Demonstrators held placards with slogans such as "We are for a stable tomorrow," swayed to pop music and enjoyed free food and drinks.
"Buses were laid on for us at the factory. We saw lists in advance of those who would go to the rally," said Andrei Mandure, a worker at a chemical plant in the town of Lesnoi, a closed facility during the Soviet era. Putin did not attend the rally.
Public-sector workers were also out in the city's railway station square. One, a 59-year-old kindergarten worker who gave her name as Yevgenia, said her boss had instructed her to attend.
Putin is aiming to secure a third presidential term in March. He holds a clear lead in opinion polls, with Communist Gennady Zyuganov running a distant second.

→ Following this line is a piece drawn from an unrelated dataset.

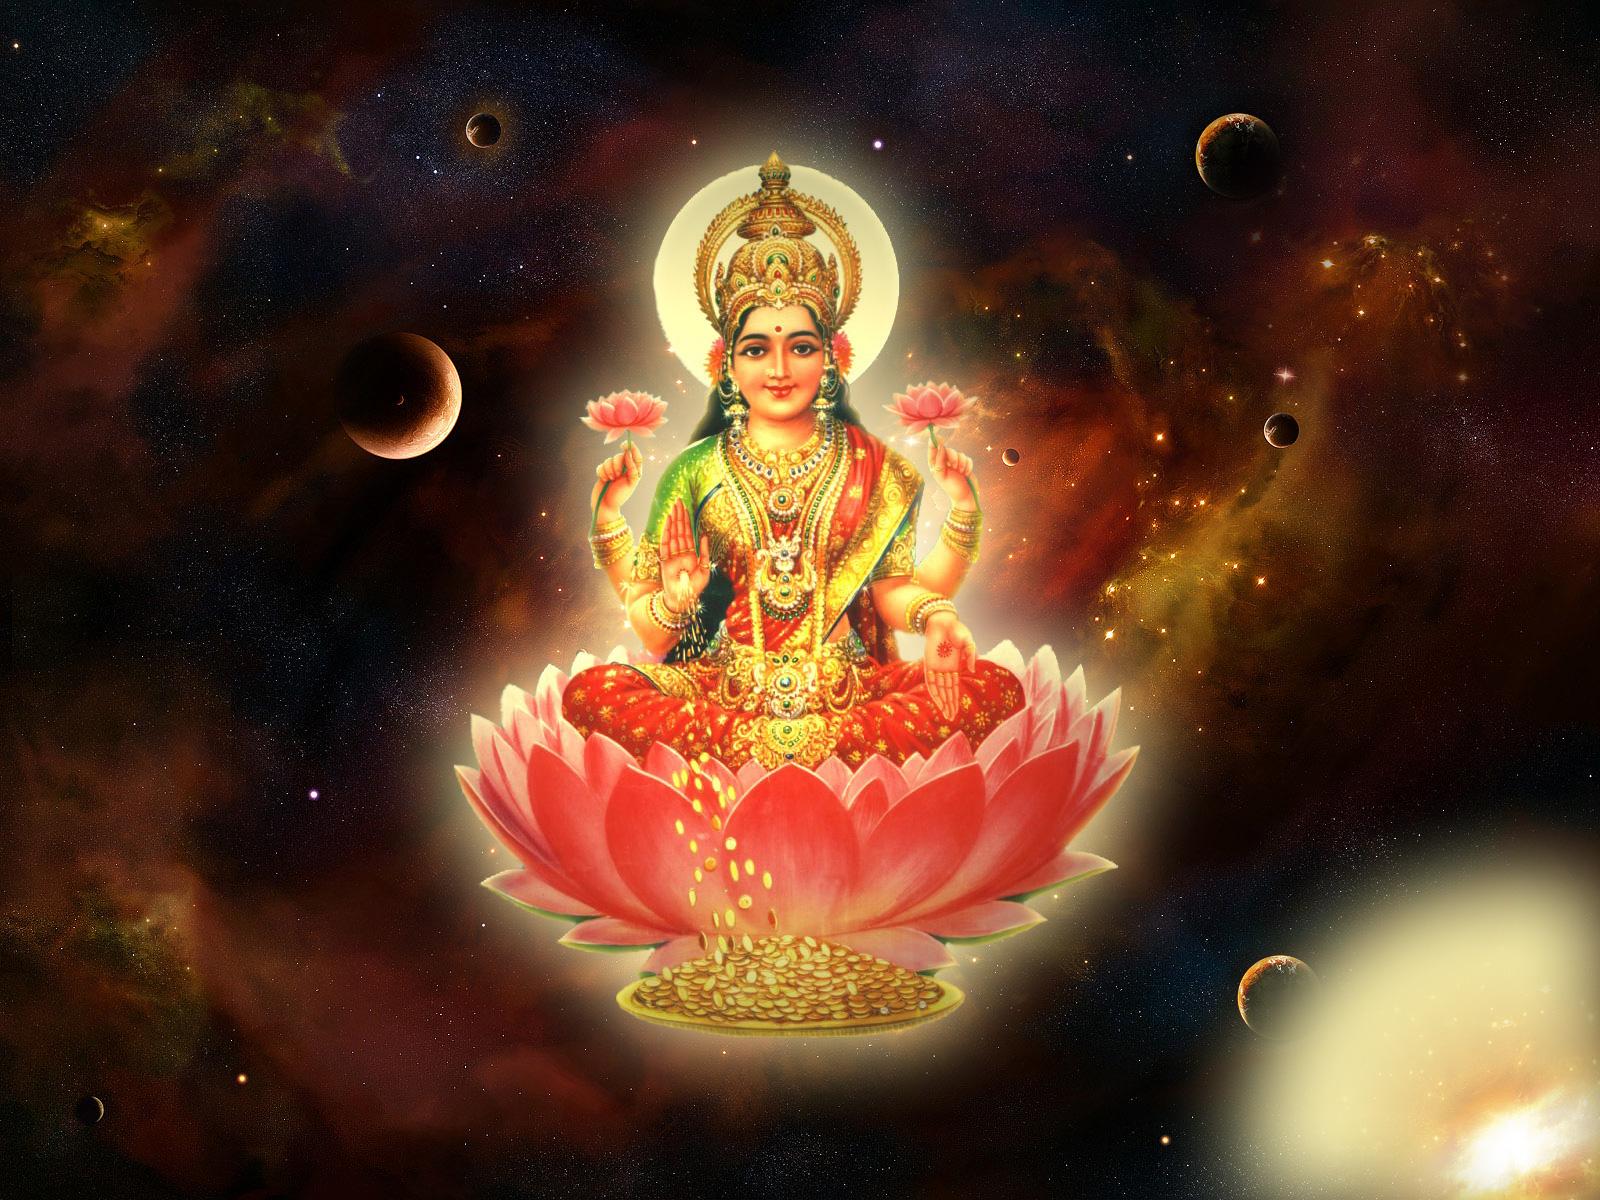 goddess wallpaper

The exclusion of liberal Grigory Yavlinsky from the slate on a technicality has further angered the opposition, which says the Kremlin allowed billionaire Mikhail Prokhorov to run to capture protest votes without posing a threat to Putin.
"There are no good candidates. Yavlinsky was banned … [so] who else if not Putin?" said Sergei, a 46-year-old from Kirovgrad, when asked who he would vote for in March.
Tens of thousands of people from different parties and others, unaffiliated to any political organization, are expected to take part in a protest march in Moscow on Feb. 4 to press for fair elections, which was approved by the city's authorities.